December 20 marked the 19th Anniversary of Operation Just Cause. I dedicate this to one who gave his life there.
Navy Chief Engineman Donald McFaul and I got acquainted while attending DLI. I was checking in, and he was about to be finishing up and heading to his next PCS. I would be assigned to relieve him of his collateral duties as Section Leader. Don was real easy-going, and I really appreciated how, although he'd be out of there in a couple weeks, after he'd wrapped up finals, he was willing to take time to break it down for me, with his recommendations for administrating the Duty Section.

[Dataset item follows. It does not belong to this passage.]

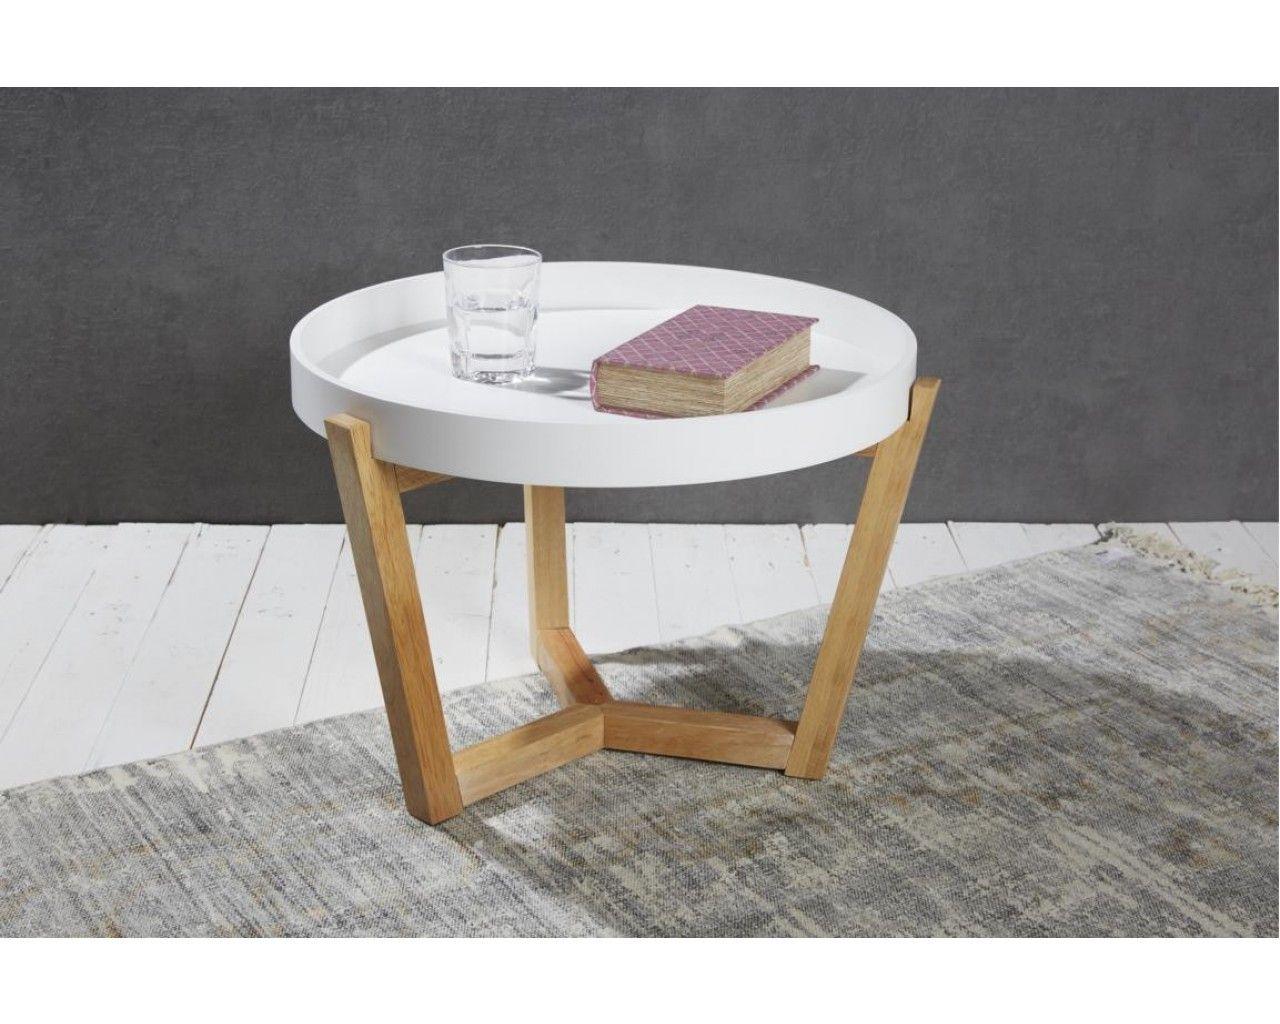 Tablett Tisch Rund Aus Holz Top Design Hier In 2020 Holztisch Ausziehbar Holztisch Baumstamm Tisch

Got in a couple good runs 'n PT's. He took that extra time, and it was then, we got talking, and realized he was returning to serve with my former 'Team.  We talked some about that, compared notes, me remarking that if I'd have taken a different language, I'd probably be going back there, too.  We said so long a few days later, and I got busy with the 'Course.  It wasn't 'til I was home next Christmas, that I picked up the paper and learned of Don's part in OJC and how things had gone. 
Don picked up the tab, paid the account, which came due for ridding our Hemisphere of the villain Noriega. 
Don, you are missed. We owe you and the rest. Thank you for your service, sacrifice and everything.


----------



## 8'Duece (Dec 22, 2008)

May he be resting peacefully. 

Paitilla Airfield was not spot for Seal Team IV that morning. 

May they all rest in peace. 

Carlo's was paralyzed from the waiste down during that firefight and still to this day wins more marathons in his chair all across the country.


----------



## racing_kitty (Dec 23, 2008)

The sacrifice of your shipmate will never be forgotten, so long as there are those who would appreciate the freedom he helped to provide.  Prayers out to his family, and to you.


----------